Apache Spark is an open-source data processing framework for large volumes of data from multiple sources. Spark is used in distributed computing for processing machine learning applications, data analytics, and graph-parallel processing on single-node machines or clusters. 

Owing to its lightning-fast processing speed, scalability, and programmability for Big Data, Spark has become one of the most widely used Big Data distributed processing frameworks for scalable computing. 

Thousands of companies, including tech giants like Apple, Facebook, IBM, and Microsoft, use Apache Spark. Spark Installation is simple and can be done in a variety of ways. It provides native bindings for programming languages, including Java, Scala, Python, and R. 

This guide will show you the step-by-step tutorial for Apache Spark Installation. 

Become a Data Scientist with Hands-on Training!

Data Scientist Master’s ProgramExplore Program
Become a Data Scientist with Hands-on Training!

Steps in Apache Spark Installation

Prerequisites:

  • A system running Windows 10
  • A user account with administrator privileges (needed for software installation, modifying file permissions, and modifying system path)
  • Command Prompt or Powershell
  • A tool like 7-Zip can extract .tar files

Step 1: Verifying Java Installation

To install Apache Spark on Windows, you need to have Java 8, or the latest version installed in your system. 

Try this command to verify the Java version:

$java -version 

If your system has Java already installed, you’ll get the following output:

java version "1.7.0_71" 

Java(TM) SE Runtime Environment (build 1.7.0_71-b13) 

Java HotSpot(TM) Client VM (build 25.0-b02, mixed mode)

If you do not have Java installed, download Java from https://java.com/en/download/ and install Java in your system before proceeding to the next step 

Step 2: Verifying Scala Installation 

To implement Apache Spark, you need to have Scala language installed in your system. Verify Scala installation with the following command:

$scala -version

If you have Scala already installed, you will see the following response:

Scala code runner version 2.11.6 -- Copyright 2002-2013, LAMP/EPFL

However, if you do not have Scala installed, proceed to the next step of Spark installation.

Step 3: Downloading Scala

Download the latest version of Scala from the link http://www.scala-lang.org/download/ and install Scala in your system before proceeding to the next step. 

In this tutorial, we are using Scala - 2.11.6 version. 

Once the download is complete, you will find the Scala tar file in the downloads folder. 

Step 4: Installing Scala

Steps to follow for Scala installation:

  • Extract the Scala tar File –

Use the command below for extracting the Scala tar file.

$ tar xvf scala-2.11.6.tgz

  • Move Scala Software Files – 

To move the Scala software files to the respective directory (/usr/local/scala), use the following commands:

$ su – 

Password: 

# cd /home/Hadoop/Downloads/ 

# mv scala-2.11.6 /usr/local/scala 

# exit

  • Set PATH for Scala – 

The command to set PATH for Scala is:

$ export PATH = $PATH:/usr/local/scala/bin

  • Verifying Scala Installation

Verification should follow Scala installation. Use the command below for verifying Scala installation:

$scala -version

You should see the following output:

Scala code runner version 2.11.6 -- Copyright 2002-2013, LAMP/EPFL

Learn Job Critical Skills To Help You Grow!

Post Graduate Program In Data EngineeringExplore Program
Learn Job Critical Skills To Help You Grow!

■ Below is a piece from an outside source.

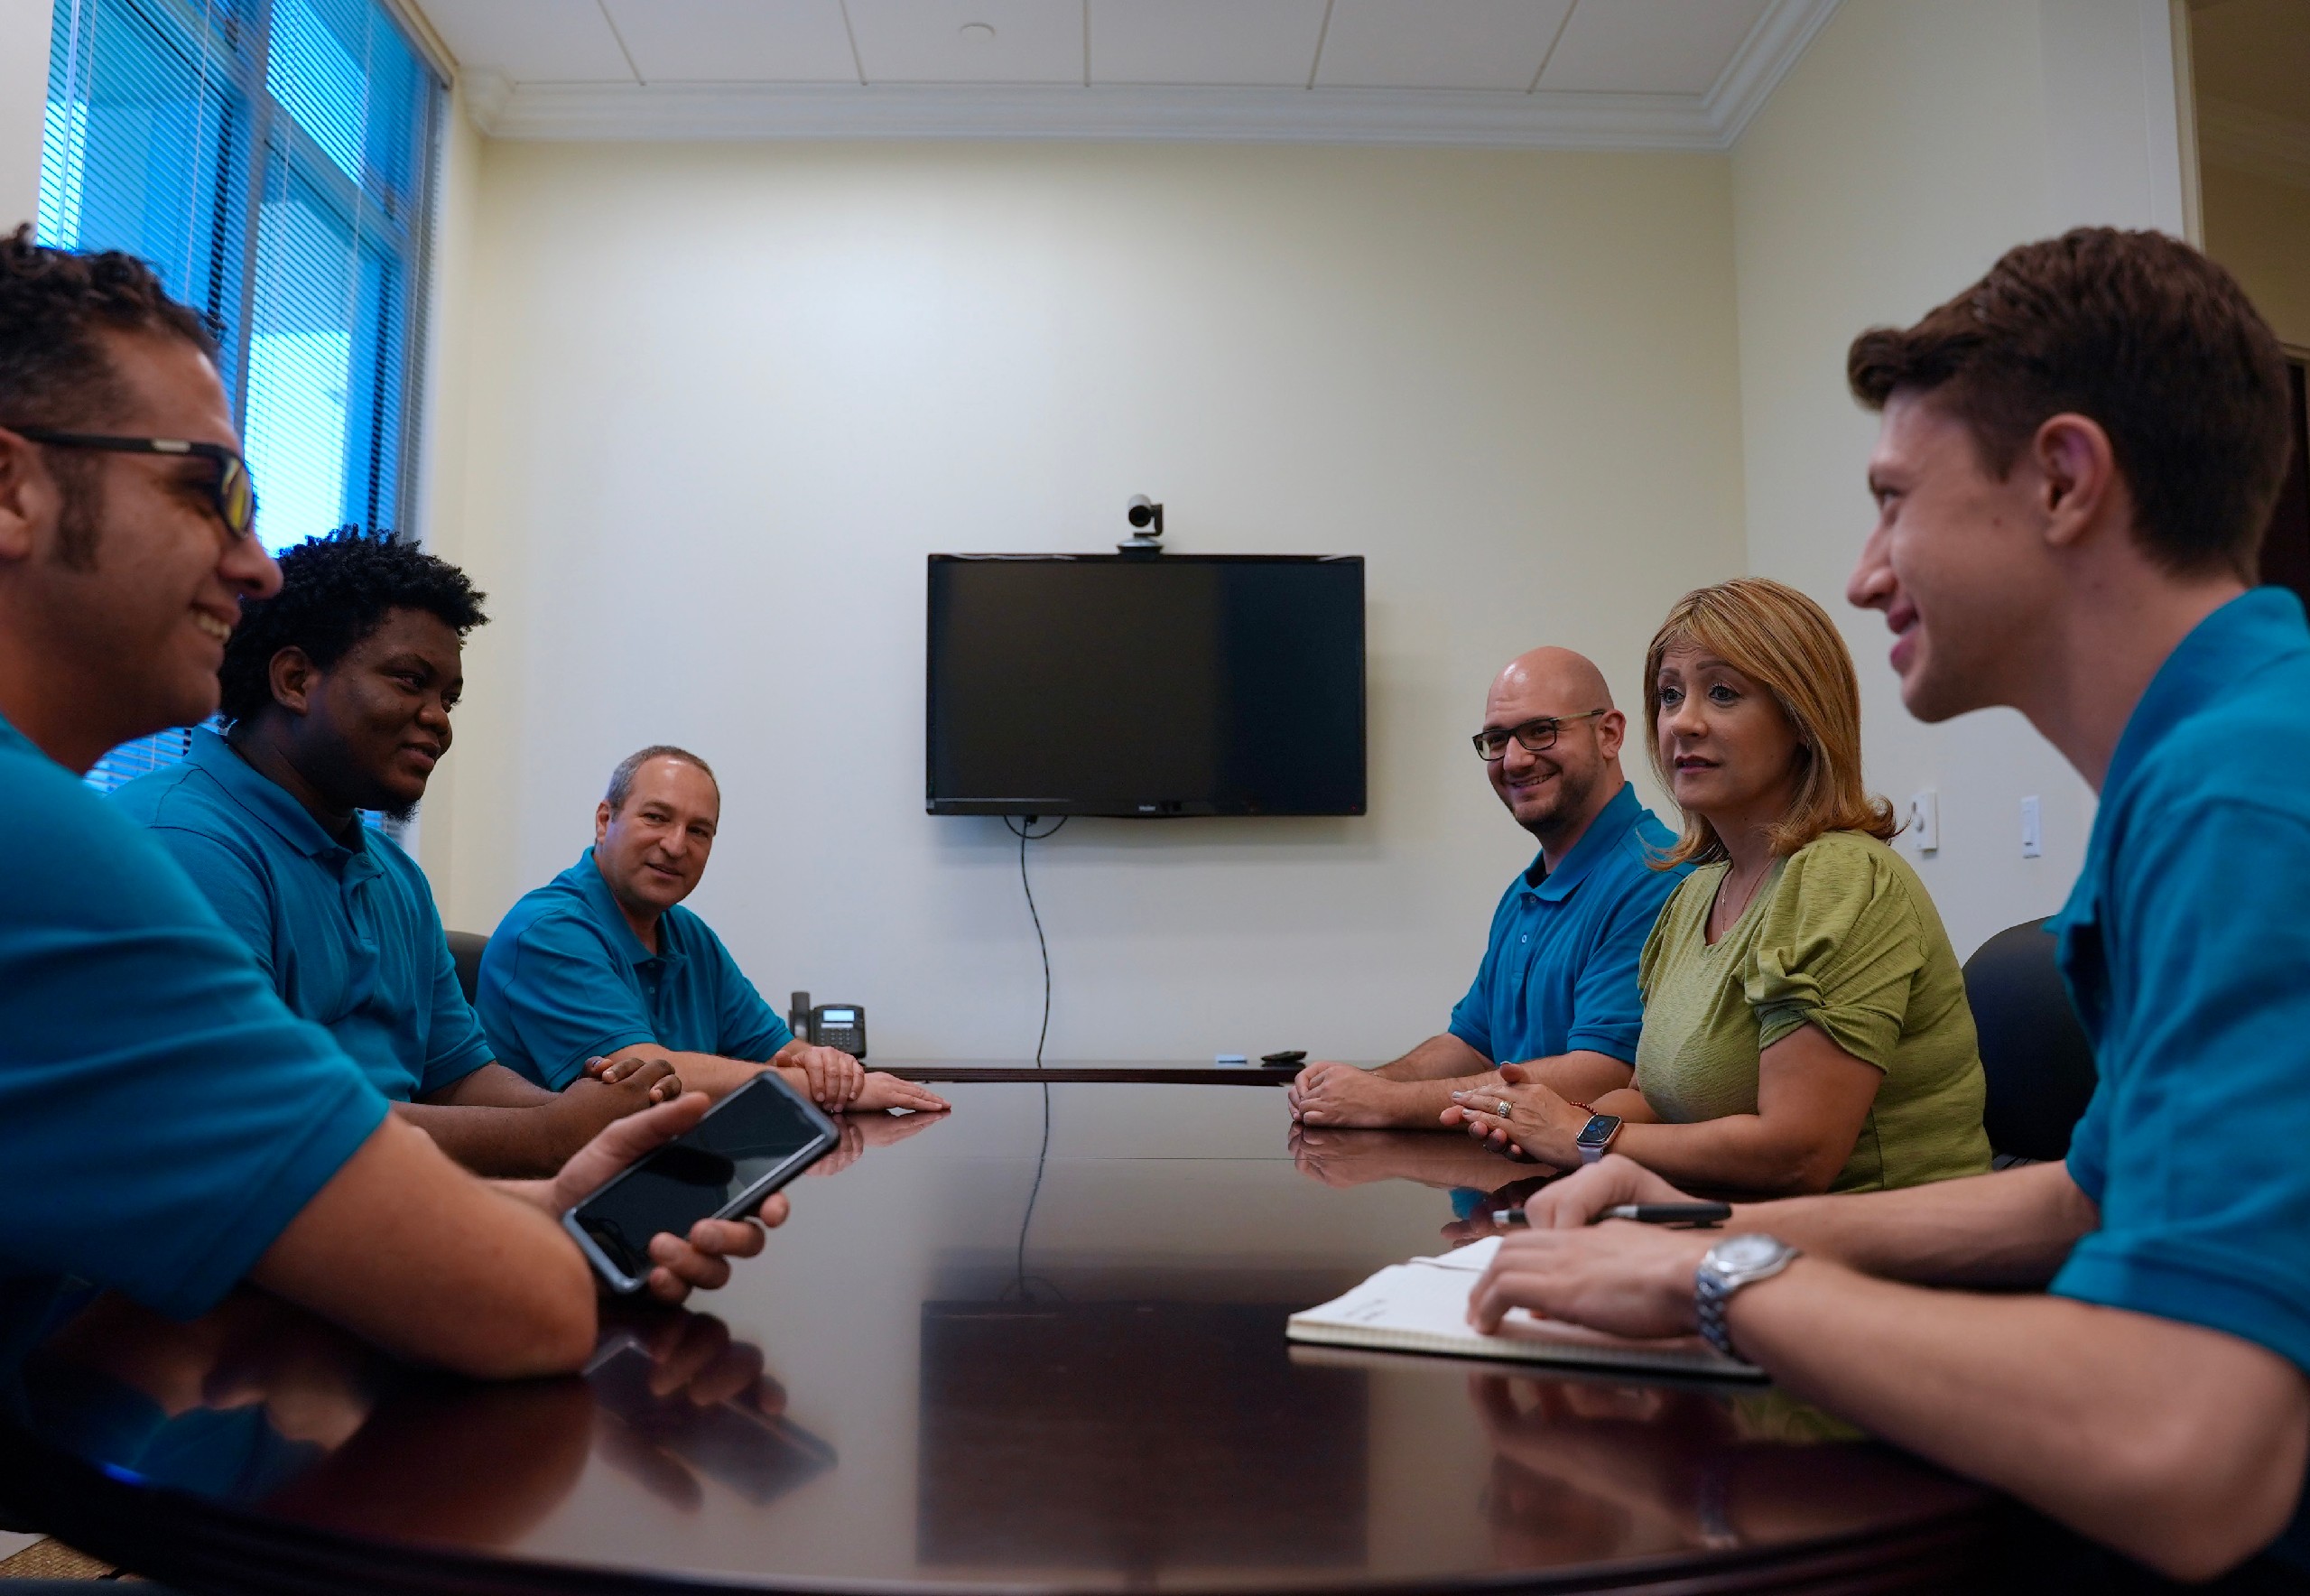 The Blue Light IT team meeting to discuss cybersecurity.

Step 5: Downloading Apache Spark

Open a browser and navigate to the link https://spark.apache.org/downloads.html

For this tutorial, we are using spark-1.3.1-bin-hadoop2.6 version.

Under the ‘Download Apache Spark’ heading, choose from the 2 drop-down menus.  

  • In the ‘Choose a Spark release’ drop-down menu select 1.3.1
  • In the second ‘Choose a package type’ drop-down menu, select Pre-built for Apache Hadoop 2.6. 

Click the spark-1.3.1-bin-hadoop2.6.tgz link to download Spark. After the download is complete, you will find the Spark tar file in the Downloads folder.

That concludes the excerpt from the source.